Улицы встречает их сонной тишиной полудня. Дробный цокот копыт эхом разносится по переулкам. В багажном отделении фаэтона несколько огромных чемоданов и два тюка, перевязанные веревками. Мамед Исрафил поправляет каракулевую папаху на своей гладко выбритой голове. За время пребывания в Персии он успел совершить паломничество в Мешхед, где молился на могиле одинокого Имама Рзы, и теперь с полным правом именуется — Мешади Мамед Исрафил.

Всю свою долгую жизнь Мешади Мамед Исрафил был предприимчивым, а самое главное, удачливым человеком. Почти таким же, как его отец. Уже через пять недель после возвращения его усилиями пекарня и кондитерские были восстановлены и даже расширены. В них снова пекли хлеб, печенье и чудесную бадам–бурму с миндалем и грецкими орехами. Семья вновь стала процветать. Однако, думается мне, что, помимо необычайной природной везучести Мамеда Исрафила, немалую роль в этом сыграли чудодейственная сила его паломничества к могиле святого и золотые червонцы из тайника Хайдара–эфенди, привезенные моим дедом из Константинополя.

Дождливый октябрь смыл с узких ступеней, крыш и стен старого города горькую гарь пожарищ, и она утекла прочь вместе с пенными потоками, бегущими вниз по переулкам, оставив после себя лишь черный налет на брусчатке.

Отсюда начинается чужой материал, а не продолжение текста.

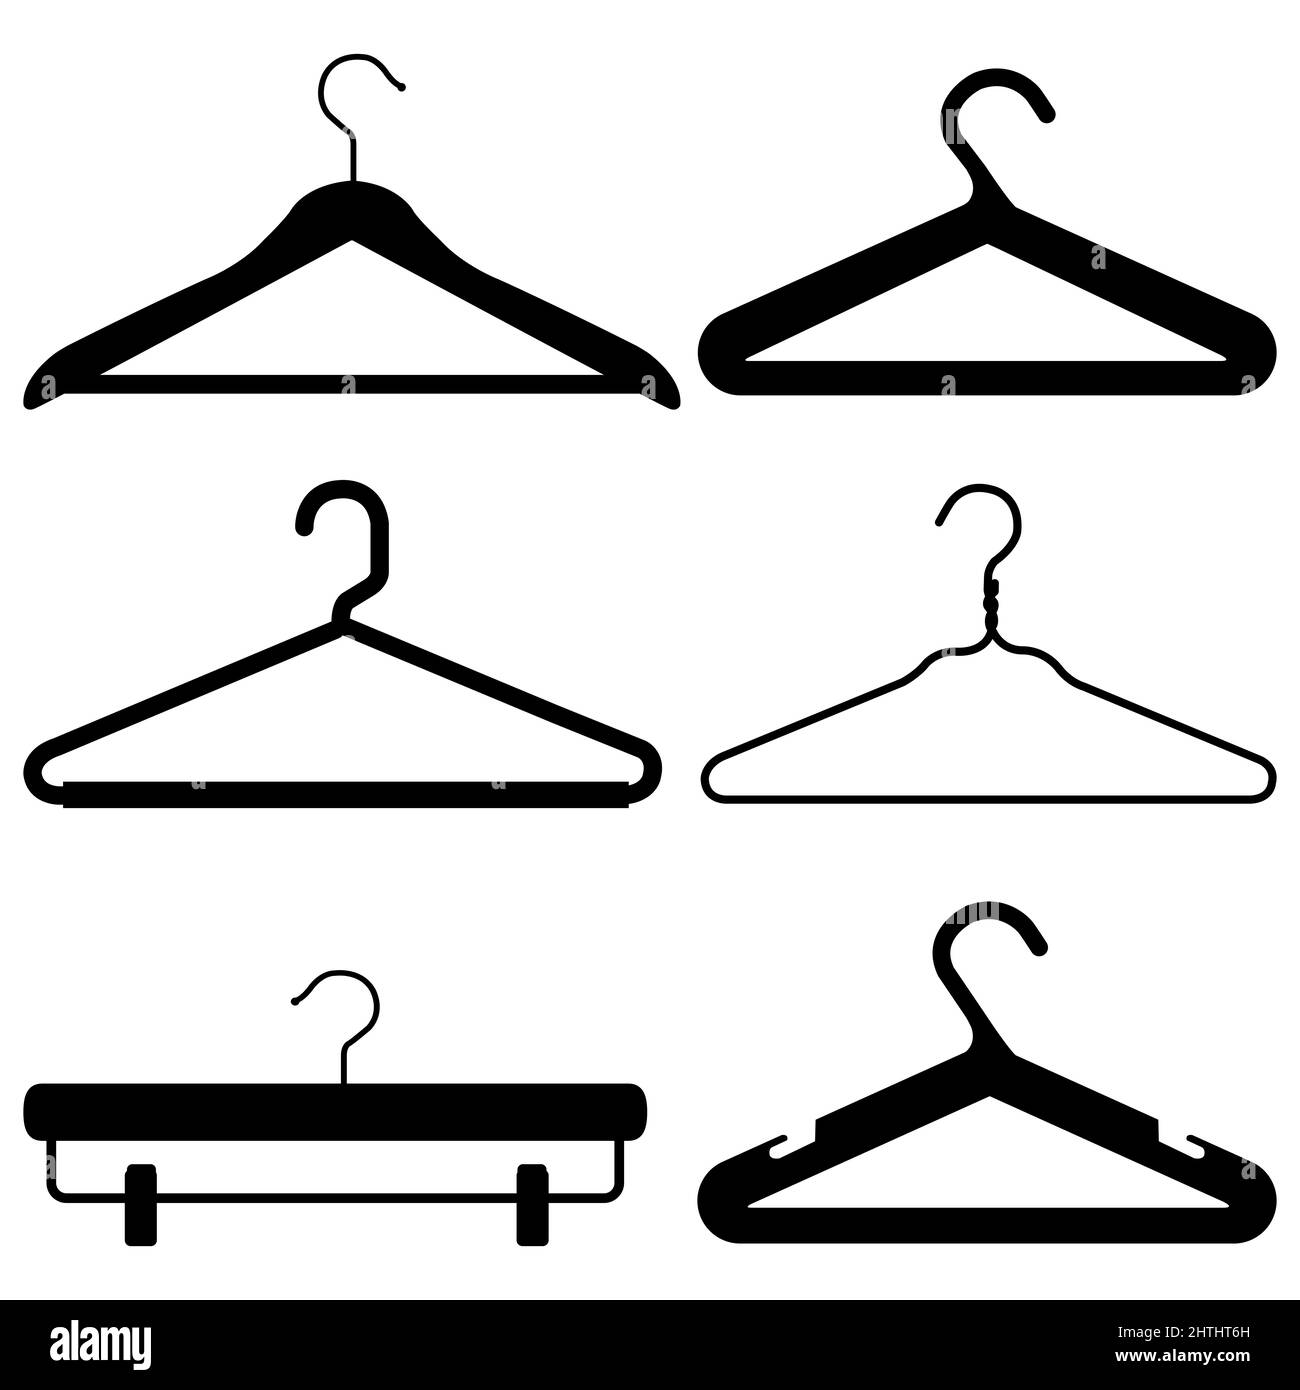 https://c8.alamy.com/comp/2HTHT6H/clothes-hangers-icon-set-on-white-background-2HTHT6H.jpg

В доме с окнами на восток опять стало светло и шумно. В стенных печах развели огонь. Трое дочерей и старший сын Мамеда Исрафила с криками носятся по комнатам, путаясь у всех под ногами. По вечерам маленькая и смуглая Зибейда–ханум пьет чай с засахаренными фруктами, из которых она более всего предпочитает персики, начиненные молотым орехом, а белокожая Лейла–ханум сидит на огромном сундуке в углу гостиной и перебирает янтарные четки. Одна их них все время молчит, другая говорит почти безостановочно.